Hamburg. Joe Cocker schwitzt. Schon nach dem ersten Song entledigt er sich des dunklen Jacketts und öffnet den obersten Knopf seines schwarzen Hemdes. Er braucht Luft. Mit „I Come In Peace“ hat er sein Konzert in der O2 World begonnen, es klingt wie ein Nachtrag zum Kirchentag und ist eine schnelle Aufwärmnummer vor dem ersten Klassiker. Auf die Leinwand im Bühnenhintergrund laufen Batikmuster ineinander, in den 60er- und 70er-Jahren waren das beliebte T-Shirt-Aufdrucke. Der mächtige Afro der Bassistin Oneida James-Rebecca passt ebenfalls in die Zeitreise rückwärts. Cocker singt „Feelin’ Alright“. Seine Finger bewegt er dazu gewohnt ungelenk und arhythmisch. Das Publikum ist hingerissen.

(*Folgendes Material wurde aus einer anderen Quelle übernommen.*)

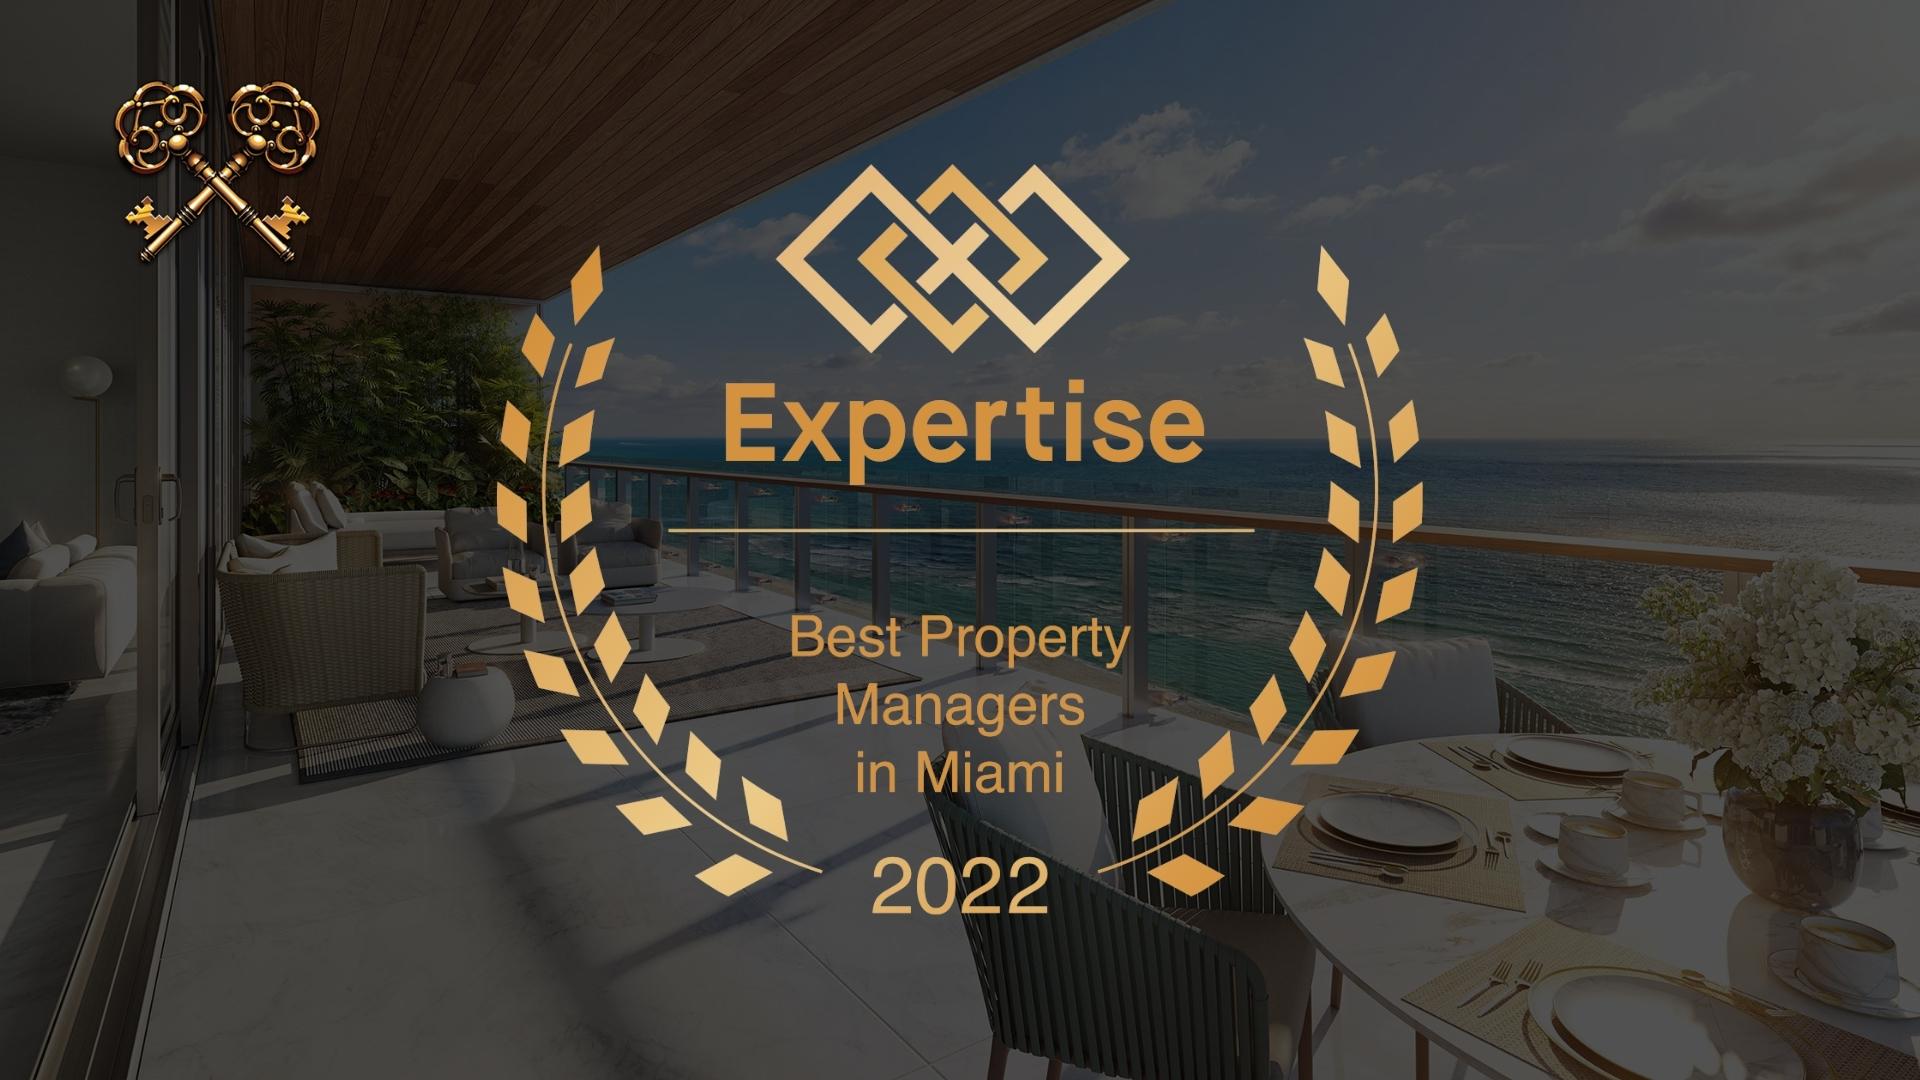 Best Property Managers in Miami in 2022!

Konzerte des 68-Jährigen sind wie das Durchblättern eines alten Fotoalbums. Erinnerungen kommen hoch. An Engtanz-Partys mit „Come Together“ als Kuschelvorlage oder Mixtapes, auf denen „You Are So Beautiful“ als Botschaft an ein verehrtes Mädchen versteckt war. Hinter dem großen Mischpult in der Mitte der Arena tanzen ein paar Frauen um die 50 selbstvergessen zu diesen Songs. Vielleicht erinnern sie sich an ihre erste große Liebe. Der Joe Cocker von damals wird hinter ihren geschlossenen Augen kaum aufleuchten, denn der zählte nicht zu den Sexsymbolen. Teenager träumten von Jim Morrison, dem dunklen Engel in seiner hautengen Lederhose, vom sanften Paul McCartney und dem schnoddrig-rebellischen Mick Jagger. Joe Cocker zählte nicht zu den Poster-Boys, er wurde und wird für seine Stimme und seine Interpretationskunst geliebt.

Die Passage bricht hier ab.